Camera IconKimberley residents are being advised to avoid mosquito bites. Credit: unknown/WA Department of Health, unknown

A health warning has been issued for Kimberley residents to avoid mosquito bites after Murray Valley encephalitis was detected in the region.

While no human cases of MVE have been reported this year, evidence of the virus has been detected through a Department of Health-operated sentinel chicken surveillance program that helps provide an early warning of virus activity.

Department of Health acting Managing Scientist of Biological and Applied Environmental Health Hazards, Dr Andrew Jardine said MVE is only carried by mosquitoes.

“As there are no specific cures or vaccines, the only effective protection is to take precautions to avoid being bitten by mosquitoes,” he said.
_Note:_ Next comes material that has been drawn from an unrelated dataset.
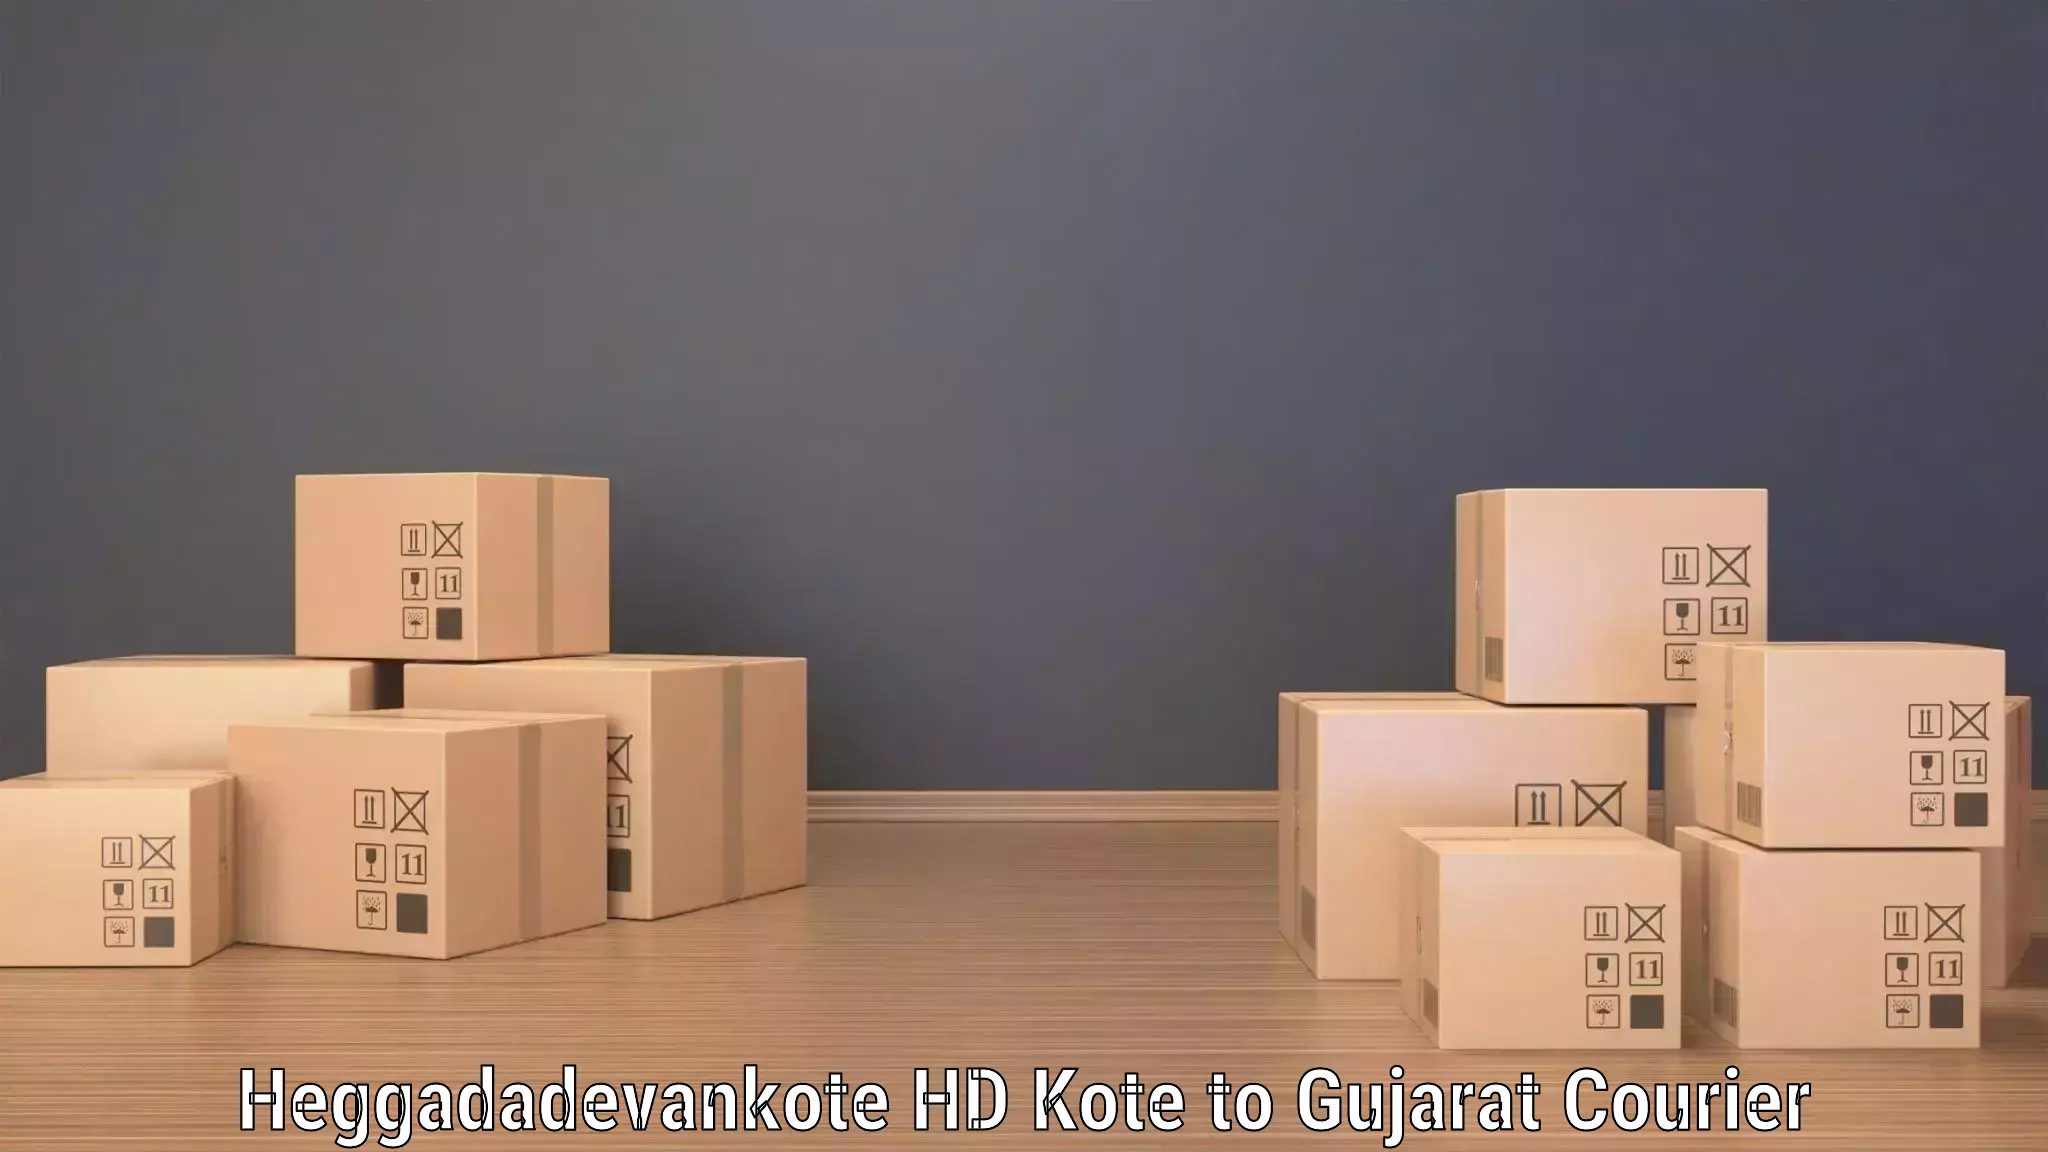 Express package transport Heggadadevankote HD Kote to Gujarat

“While the risk of being infected and becoming unwell is low, the illness caused by the virus can be severe or even fatal.”

Initial symptoms of MVE include fever, drowsiness, headache, stiff neck, nausea and dizziness.

People experiencing these symptoms should seek medical advice quickly.

Severe cases could lead to seizures, lapse into a coma and people may be left with permanent brain damage or death.

In young children, fever might be the only early sign and parents should see their doctor or local health service if concerned, particularly if their child also experiences drowsiness, floppiness, irritability, poor feeding or general distress.

Dr Jardine said people do not need to alter their travel plans provided they take simple steps to avoid mosquito bites, especially when camping, fishing or undertaking any outdoor activity.

Some of these steps include avoiding outdoor exposure around dawn and early evening, wearing long loose-fitting and light-coloured clothing when outdoors, applying an effective personal repellent, using mosquito nets when camping and using mosquito coils and lantern in patios and outdoor areas around houses.